A recent accident has humbling parallels with the earliest recorded aviation death, Adrian Park writes.
Koehn Dry Lake, California, 31 October 2014 / Wimereux, Pas de Calais, 15 June 1785.
The endeavour was a bold one. It involved a type of flight never before attempted. A generous benefactor was enlisted, the crew were world leaders in the field, and an innovative craft—never before built—was commissioned. Every aspect of the endeavour was planned in intricate detail, but there was a fatal human factors oversight. No one seriously considered that one of the best pilots, with the best tech of the era, could make a serious mistake. No one seemed to have considered the best pilot could have a bad day; that is, the best pilot could have a high demand, high-workload day and, on that day, the polished professionalism of a great pilot could quickly become the dull sheen of an overloaded, fallible human.

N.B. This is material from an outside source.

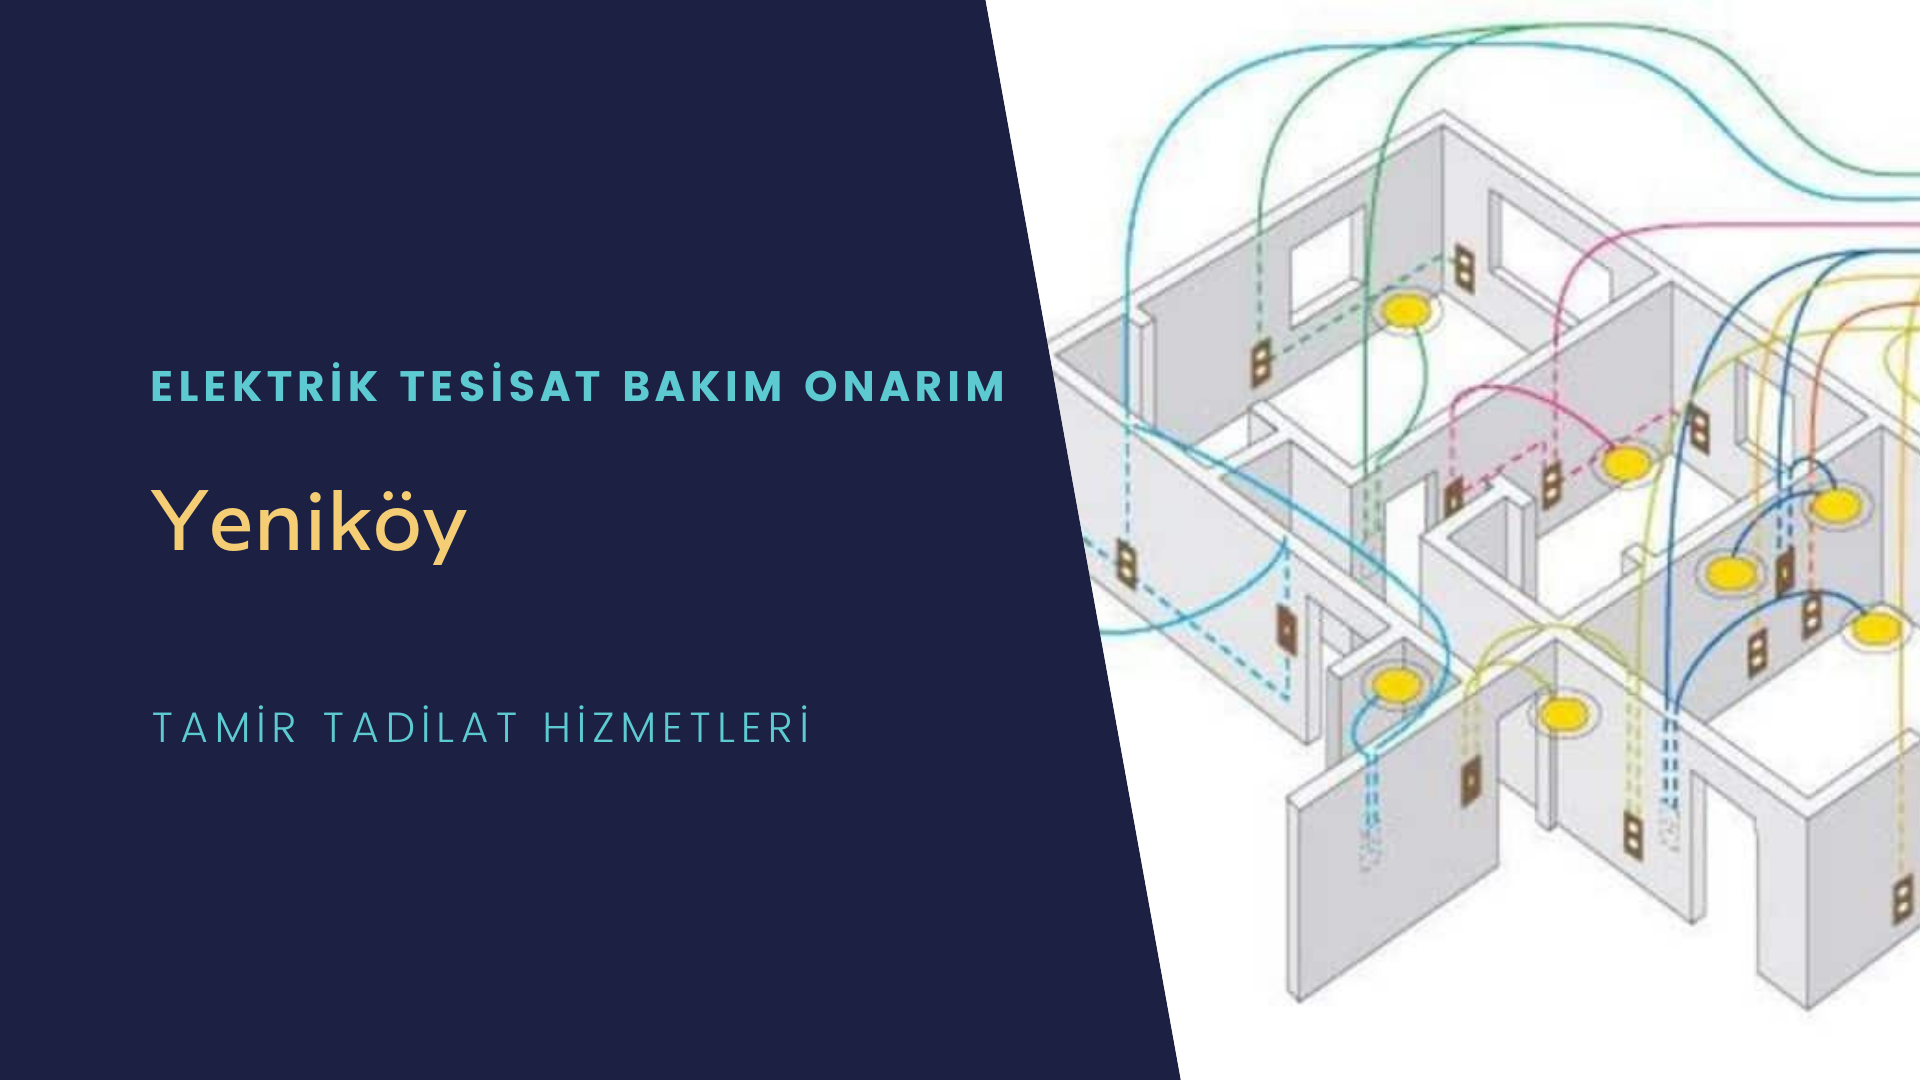 Yeniköy'de elektrik tesisatı ustalarımı arıyorsunuz doğru adrestenizi Yeniköy elektrik tesisatı ustalarımız 7/24 sizlere hizmet vermekten mutluluk duyar.

The pioneering flight headed skywards without incident. At first everything proceeded as planned, with the innovative craft performing as it should. However, as the flight progressed and the demands on the crew’s attention increased, so too did the work load. At a critical moment, human limitations converged with the design flaw, and the vehicle broke apart, flinging its occupants to the earth below.
This was not the doomed flight of Virgin Galactic’s SpaceShip Two, but it was kin. It was 1785 in the era of humanity’s first flight efforts and the ‘pioneering, experimental’ flying vehicle was one of the first manned balloons. The date was 15 June and the craft was of an unprecedented design: a hot air balloon tethered below a hydrogen balloon—a design which allowed greater altitude control, (and is still used, although with non-flammable helium). The design flaw was (of course) a hot air balloon tethered below a hydrogen balloon. As one contemporary wrote of the pilot: ‘he has the audacity to light his fire besides his powder magazine’.
At first the innovative design worked well and Jean-Francois Pilatre de Rozier was able to make reasonable progress in his attempt to cross the English Channel. He did this by adjusting the balloon’s altitude to find the best winds and by constantly tending to an onboard fire below the hot air balloon. Above the hot air balloon, the highly flammable hydrogen balloon did the hard lifting. De Rozier was the best of the early aeronauts (the name coined for early balloon pilots). Only two years before he was the first ever to break the bounds of earth, in a sustained way, under the approving gaze of King Louis of France, flying for an unheard-of 25 minutes—borne aloft by a Montgolfier balloon designed by the paper-making brothers of the same name. But apparently even the best of the best (which de Rozier was at the time) did not have the capacity to consistently and precisely stoke the fire in such a way as to maintain lift while avoiding an explosion. At some point, after being blown back over land, the demands of the design flaw on human capacity proved too much. De Rozier’s balloon suddenly deflated, with both de Rozier and his passenger falling at least 1500 feet to their deaths, becoming as much victims of the human factor as of gravity.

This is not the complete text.